Она проговорила это с вызовом. Впервые. Доселе она всегда мне только служила. Глаза ее, сияя отраженным светом, снова устремились к Дионису. У меня опустились руки.

— Как? И ты? И тебе?.. И тебе нужна эта статуя?.. И тебе тоже?!.. Что ты молчишь, Эрна?!

— Да, — сказала она, глядя мне прямо в глаза, — это правда. Я ищу ее уже три года. Ты даже не представляешь, как она мне нужна.

Я подошел к окну, проводил последний луч заката. Мне всё было пронзительно ясно: и дружба Лаэрта, и любовь Флоры, и преданность Эрны. Цена им была одна — живая статуя моего деда.

— Бриан, не думай обо мне так. Не отворачивайся!

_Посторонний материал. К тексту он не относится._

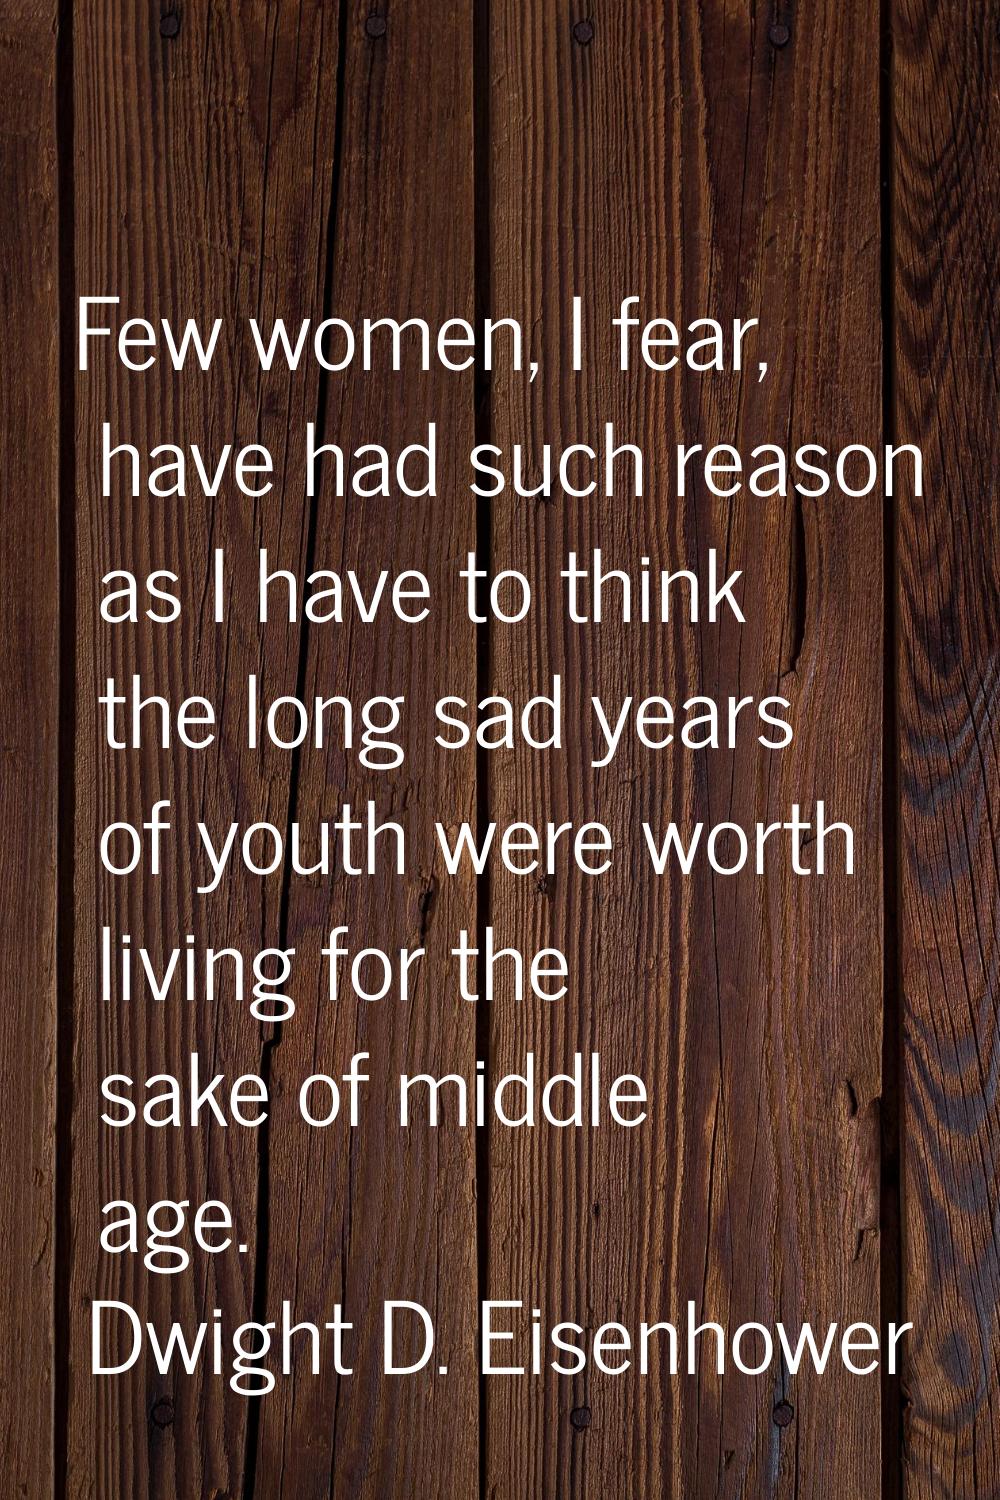 Few women, I fear, have had such reason as I have to think the long sad years of youth were worth l

Внизу промчалась вороная тройка, запряженная в сани, за ней тянулся бесконечный след, который метель тут же принялась стирать с лица земли. Вот бы и по жизни так промчаться на тройке из ниоткуда в никуда, и никому ничего не должен, и никаких следов! И ни с кем не говорить, и никому не верить, и не ломать голову в бесплодных попытках разобраться, что у кого на уме! И никто не нужен, никто! Только пустота и свобода, и прямая бесконечная дорога…

— Ладно, ты заслужила. Подарю.

И я пошел, и уже взялся за ручку двери, за которой была пропасть, вечное и безвозвратное падение в пустоту, где нет никакой опоры, ни одной зацепки…

— Не уходи, я прошу тебя! Ты меня даже выслушать не хочешь!

— Я же сказал, подарю! Чего тебе еще?

— Бриан, если ты уйдешь вот так, я… я не знаю, что я сделаю!

Руки ее цеплялись мне за плечи, влекли куда-то к себе, за собой, в глубокий омут сладкого безволия и всепрощения… Господи! Да какая разница, почему она с тобой! Лишь бы была!

— Ну, зачем ты так, Бриан? Ну, нельзя же так!

С минуту я стоял как снежная глыба, потом сидел у нее в ногах и обнимал ее колени. Она прикасалась к моему лицу ледяными кончиками пальцев и поджимала дрожащие губы, она и сама вся дрожала.